EVANSVILLE, Ind., Oct. 24 (UPI) — The United States this week became the only country to eradicate a highly destructive stone fruit disease called the plum pox virus.
The plum pox virus infects trees like plum, almond and peach. Infected trees produce far less fruit than healthy ones, and the fruit they do produce can be deformed or discolored.
The virus originated in Europe in the early 1900s and still is widespread there, costing the stone fruit industries hundreds of millions of dollars a year, according to Cornell University.
It was discovered in the United States in 1999, when a farmer in Pennsylvania noticed something odd happening to his fruit.
“I first spotted a strange ring pattern on some of my peaches and wasn’t sure what could have caused it,” Jim Lerew, the owner of a Pennsylvania orchard with the first known plum pox case in the country, told the Penn State Extension.

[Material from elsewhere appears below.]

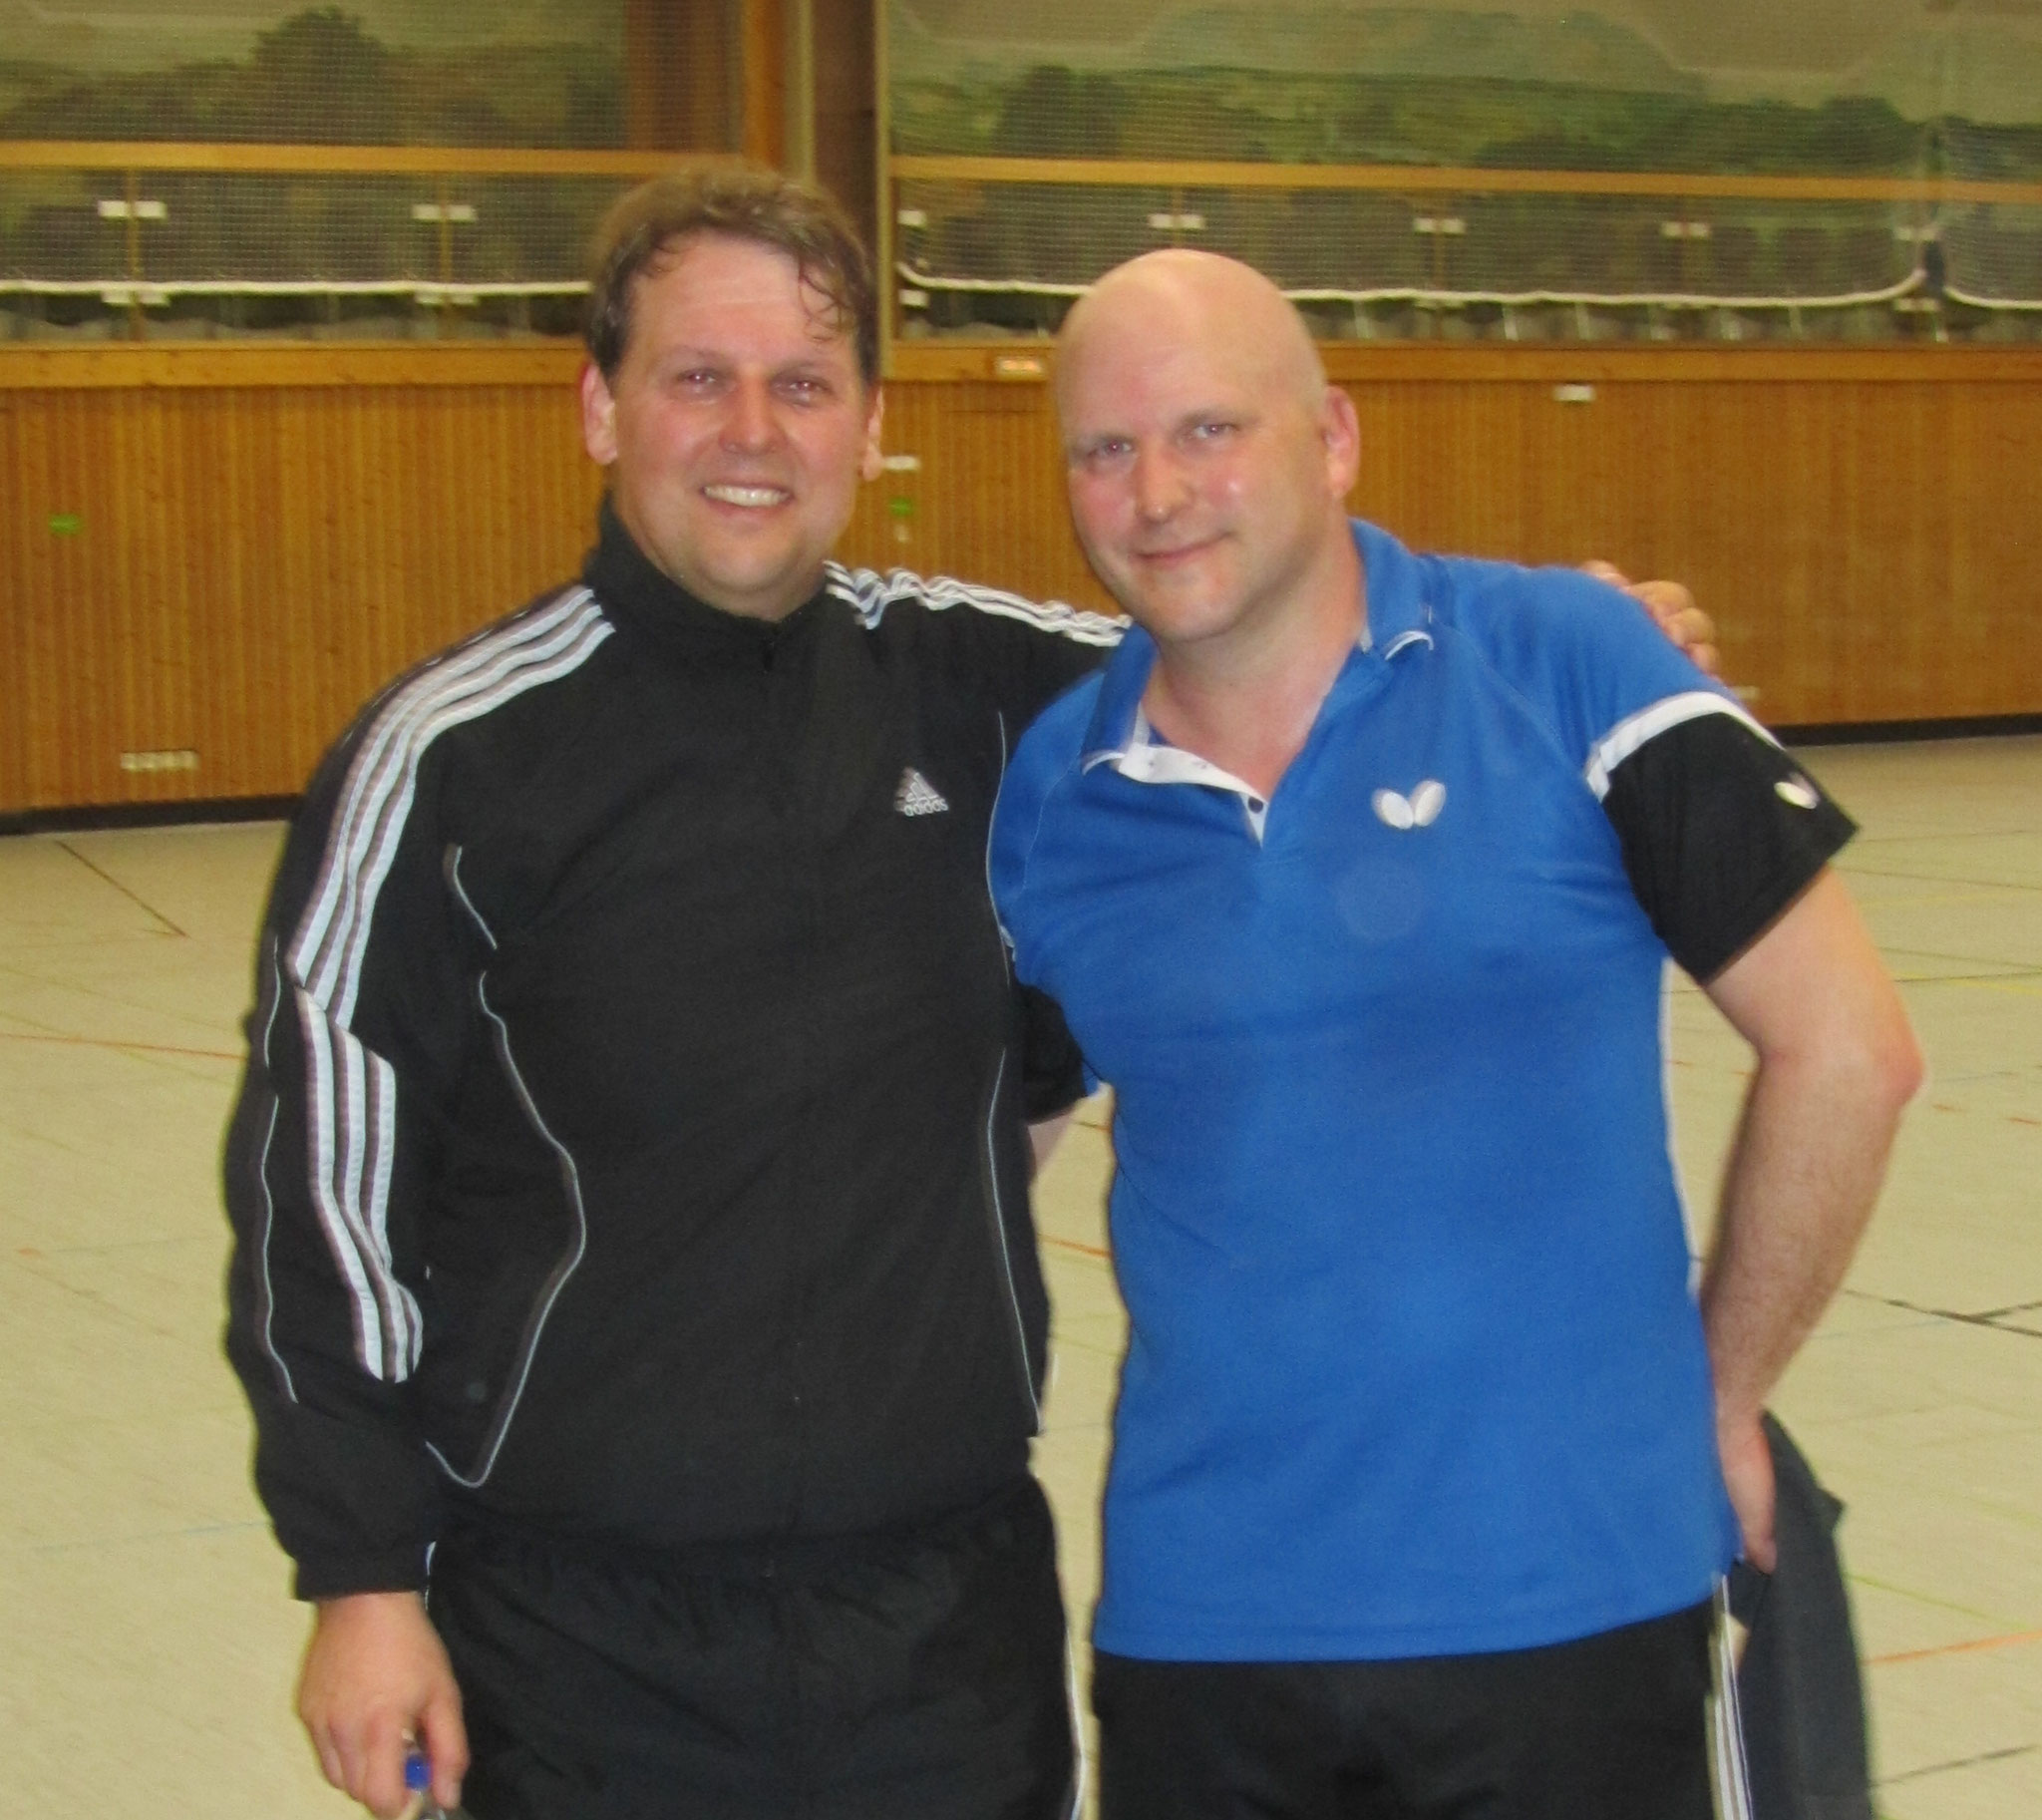 Die beiden punktgleichen Erstplatzierten der Herren C mit Klaus Balda und Patrick Schrepf vom TTF Atting abgekämpft nach einem Fünf-Satz-Spiel, das auch noch in die Verlängerung ging

“After I found it several more times on my peach crop, I took some samples to a number of different fruit research institutions to determine the cause … which admittedly stumped them for a while. No one had even considered that it could be a disease that originated in Europe.”
Once they figured it out, researchers began to test orchards and soon learned that the disease had spread across Pennsylvania. The U.S. Department of Agriculture, with the help of the state department of agriculture and the Penn State Extension, went to work to contain it.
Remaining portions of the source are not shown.